▸ Task to complete
Give the records below again, word for word. No pictures belong in the copy.

(Recorded data)
= Beginning of Section =
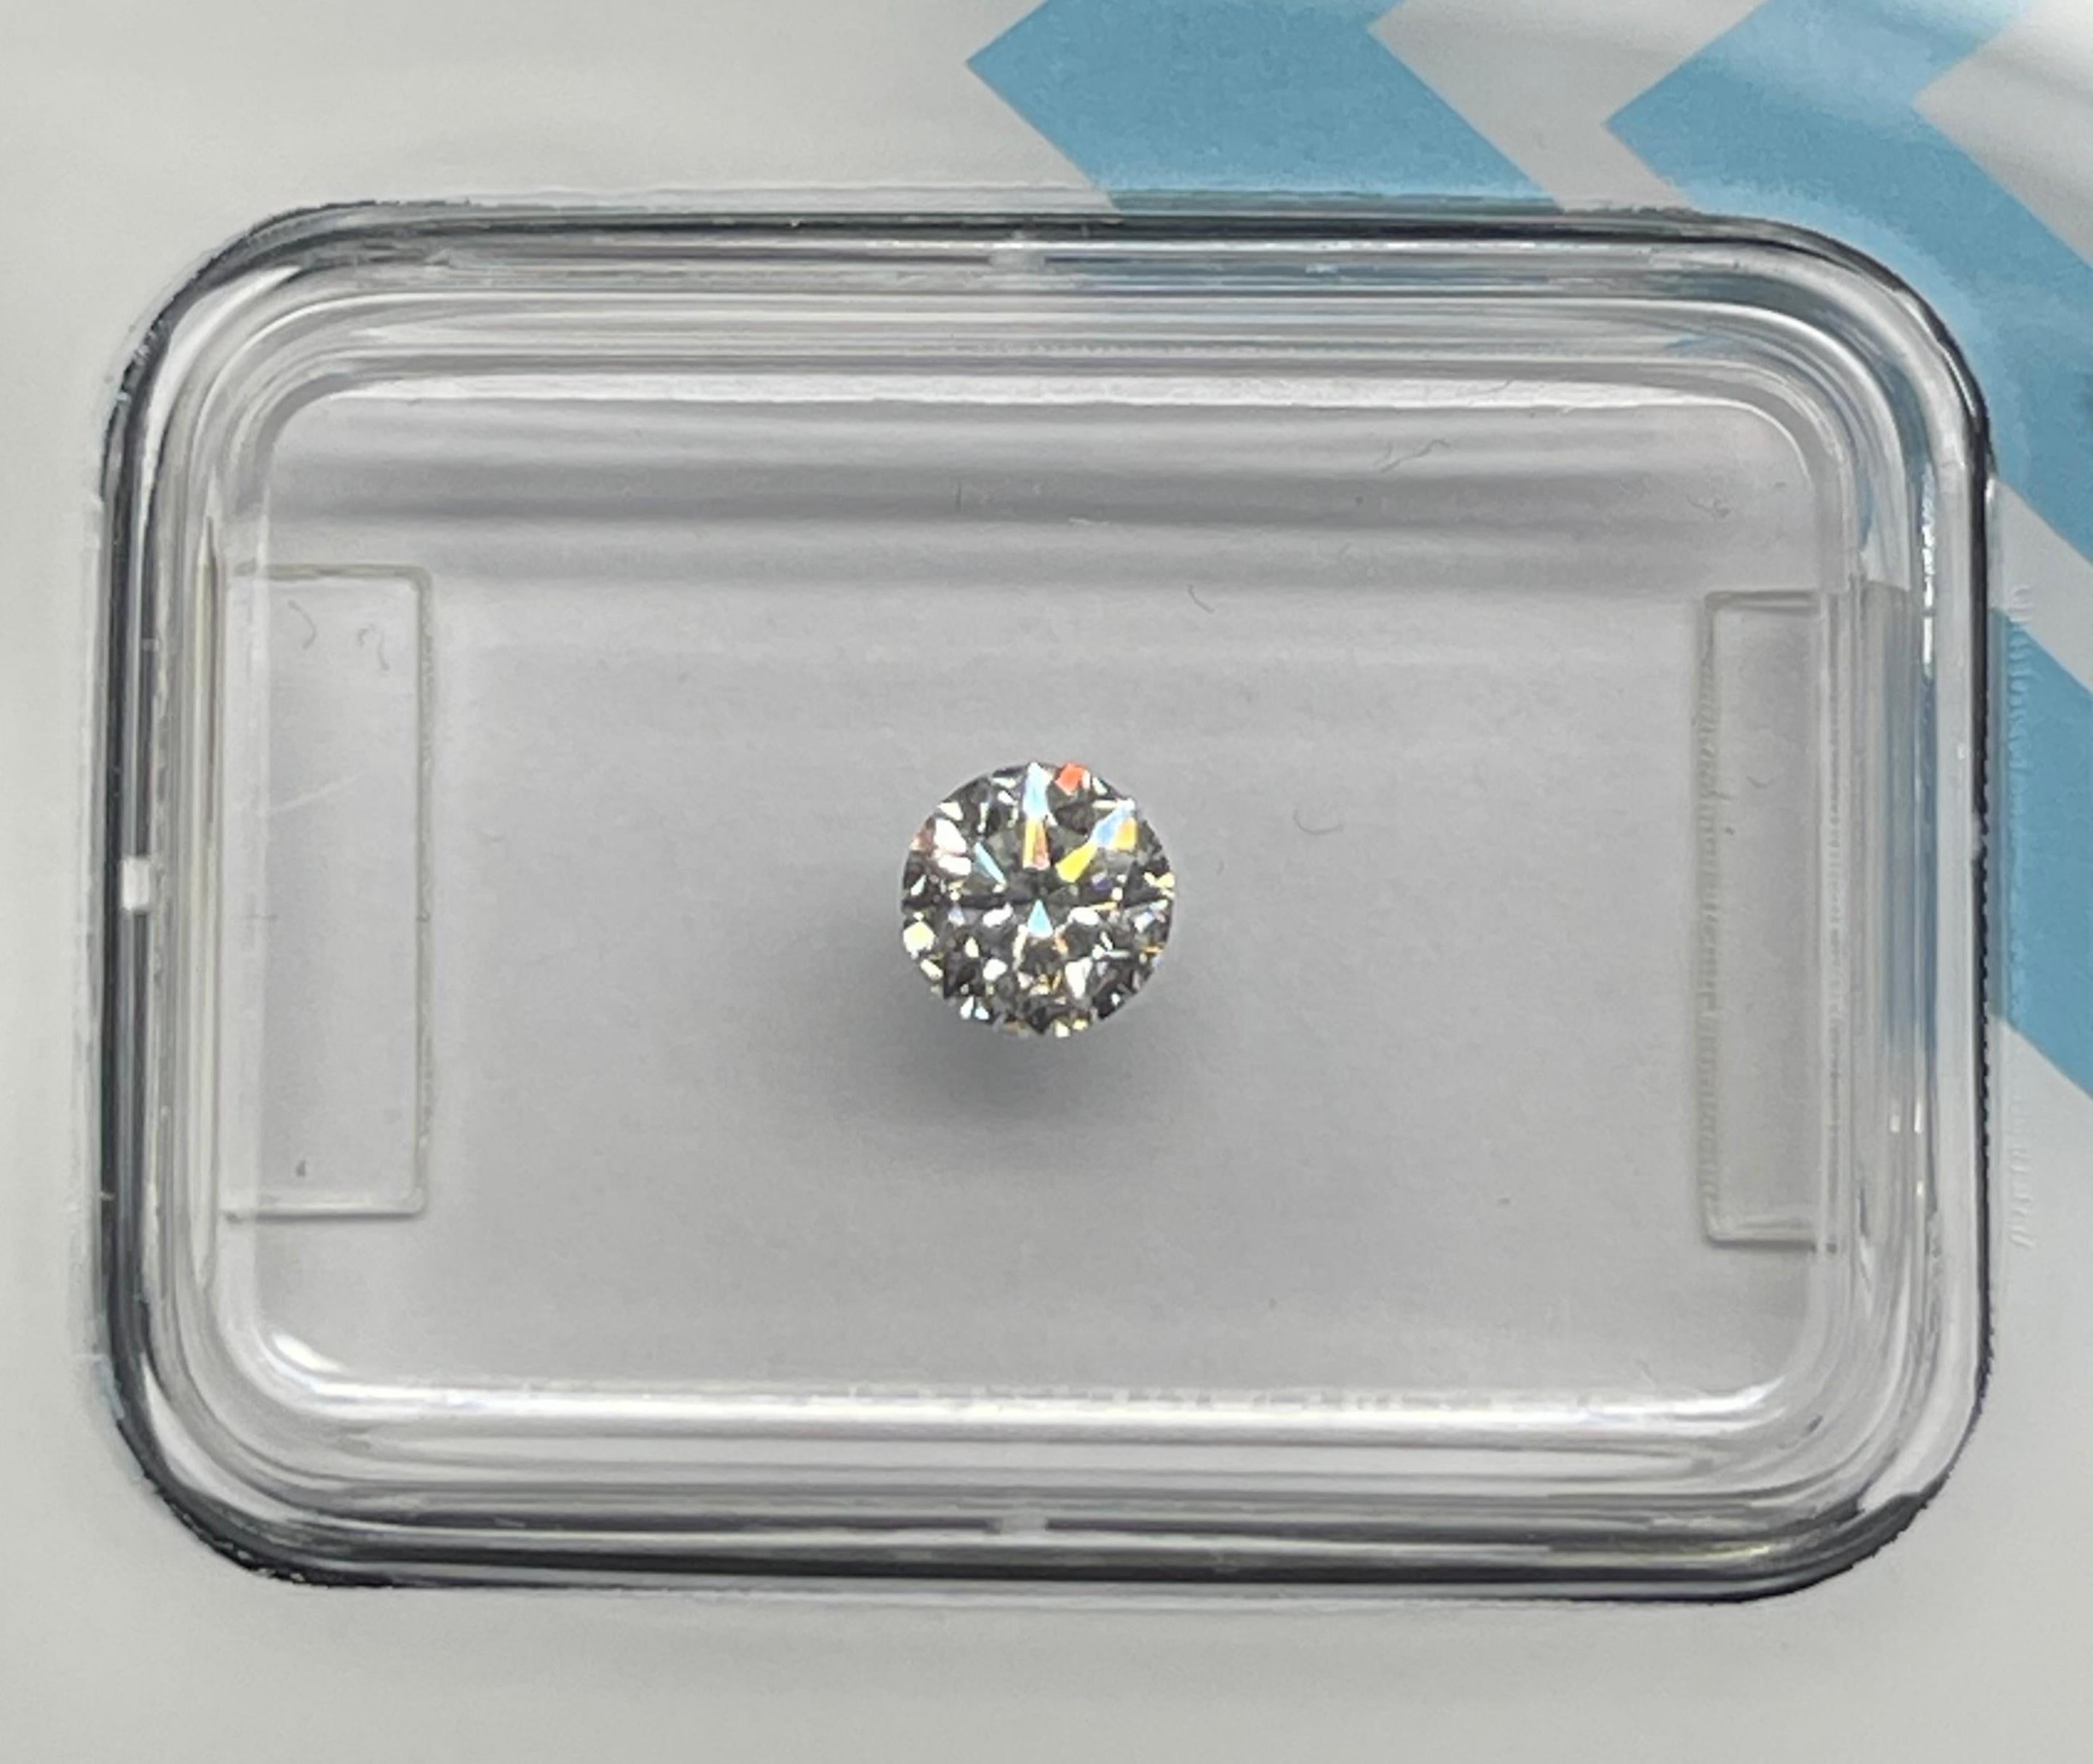 Natural Diamond graded by IGI.

Shape: Round Brilliant
Weight: 0.27 CT
Color: D
Clarity: SI2
Cut: Excellent
Polish: Excellent
Symmetry: Excellent
Fluorescence: None
Laser inscription : IGI 630434194
= End of Section =
▸ Answer
 Natural Diamond graded by IGI.

Shape: Round Brilliant
Weight: 0.27 CT
Color: D
Clarity: SI2
Cut: Excellent
Polish: Excellent
Symmetry: Excellent
Fluorescence: None
Laser inscription : IGI 630434194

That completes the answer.